GK Investment Holding Group SA
- Type: Private
- Industry: Alternative Investment
- Founded: 2015; 11 years ago
- Founders: Kamel Ghribi
- Headquarters: Lugano, Switzerland
- Area served: Africa, Europe, and Asia
- Key people: Stefano Dedola Francesco Sorrentino Gavino Arrica
- Website: www.gkinvest.com/en

= GK Investment =

Private equity and investment firm

GK Investment Holding Group SA is a Lugano-based private equity and investment firm whose primary focus is in the healthcare Real Estate, Private Equity and Consultancy sector. The principal areas of investment interest are in Africa, Europe, and Asia.

== History ==

The firm was founded in 2015 by Tunisian businessman Kamel Ghribi. It initially started as a trade facilitating company dealing with the export of commodities such as crude oil, condensate, cotton, phosphates, and coffee from the Middle East and Africa regions for private and public sector clients. The company undertook strategic consultancy mandates to establish industrial projects in high growth markets.

== Investments ==

Gruppo Ospedaliero San Donato (GSD Healthcare) - private hospital group in Italy with 44 hospitals and clinics. GK Investment Holding Chairman Kamel Ghribi is Vice President of GSD Healthcare in Italy and Chairman of GSD Middle East. GSD is currently the largest private healthcare group in Italy with estimated revenues of over €1.7 billion.
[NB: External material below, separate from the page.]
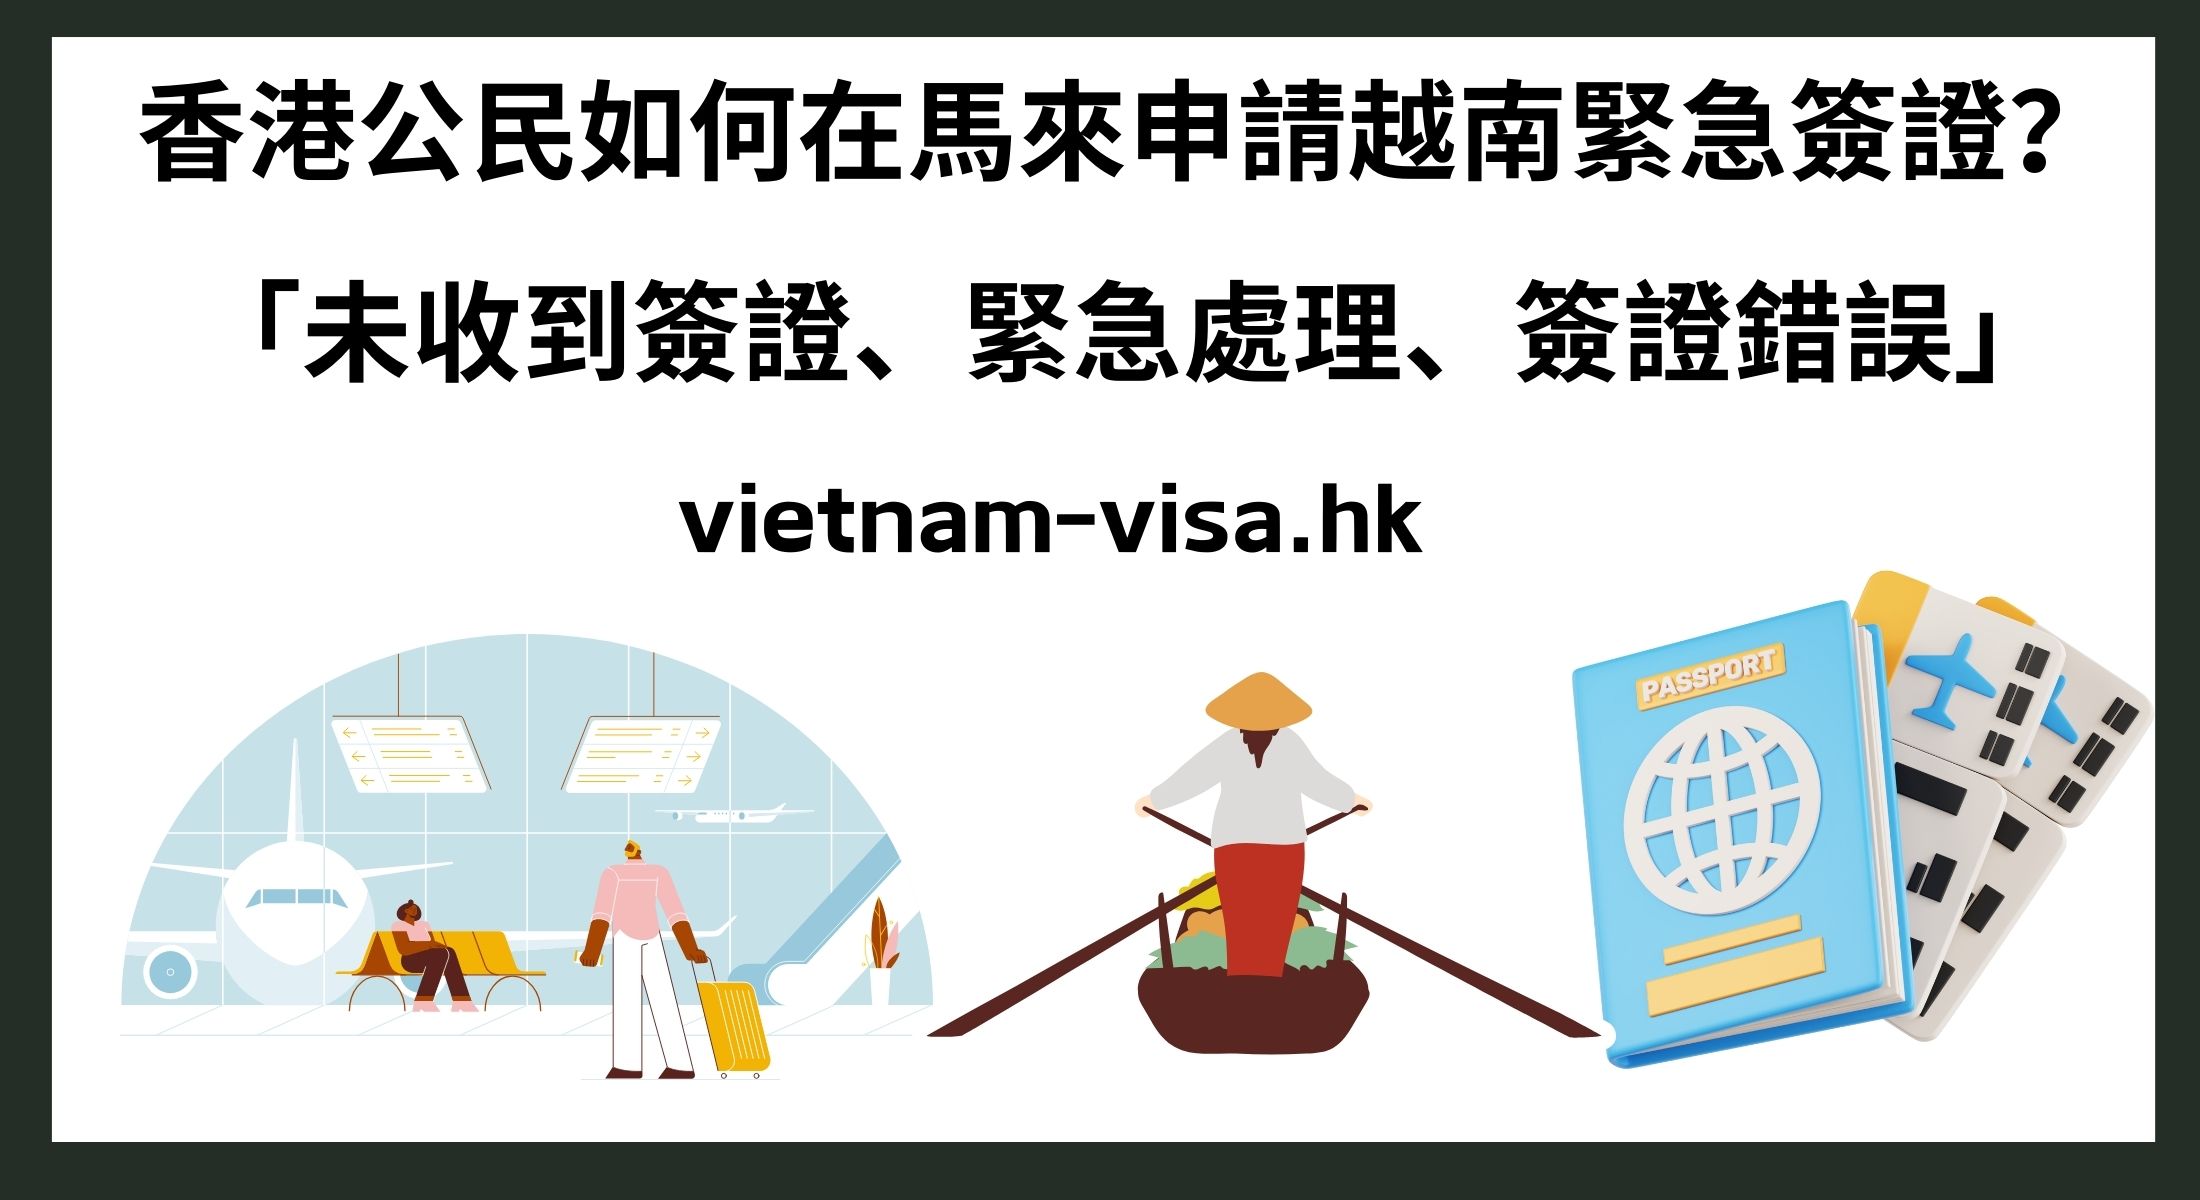 香港公民如何在馬來申請越南緊急簽證？ 「未收到簽證、緊急處理、簽證錯誤」

=== NMC Health Bidding ===

In February 2020, the company confirmed that it will submit a potential bid to acquire UAE-based, $2 billion debt-ridden healthcare company NMC Health. The founder of the NMC Health, B. R. Shetty stepped down from the board due to inaccurate reporting of his holdings.

However, within a month, by March 2020, the company reiterated its stand on investing in NMC Health. It issued a statement that included an offer of only operational support to NMC Health assisting the latter in its continued delivery of healthcare services in Europe, Middle East and Asia.

== Philanthropy ==
- Funding a cardio-vascular department at the Chain of Hope Pediatric Cardiac Center at the Dakar Fann University, Senegal.
- Construction of the National Institute for Cardiovascular Disease in Ibadan, Nigeria.
- Philanthropic sponsorship of numerous foundations, events, gala evenings, and fundraising for a myriad of non-profit organizations such as the CCA, Global Health Pioneer Awards, Middle East Mediterranean Summit, Gulf Africa Decision Makers Forum, and Italian Arab Business Forum.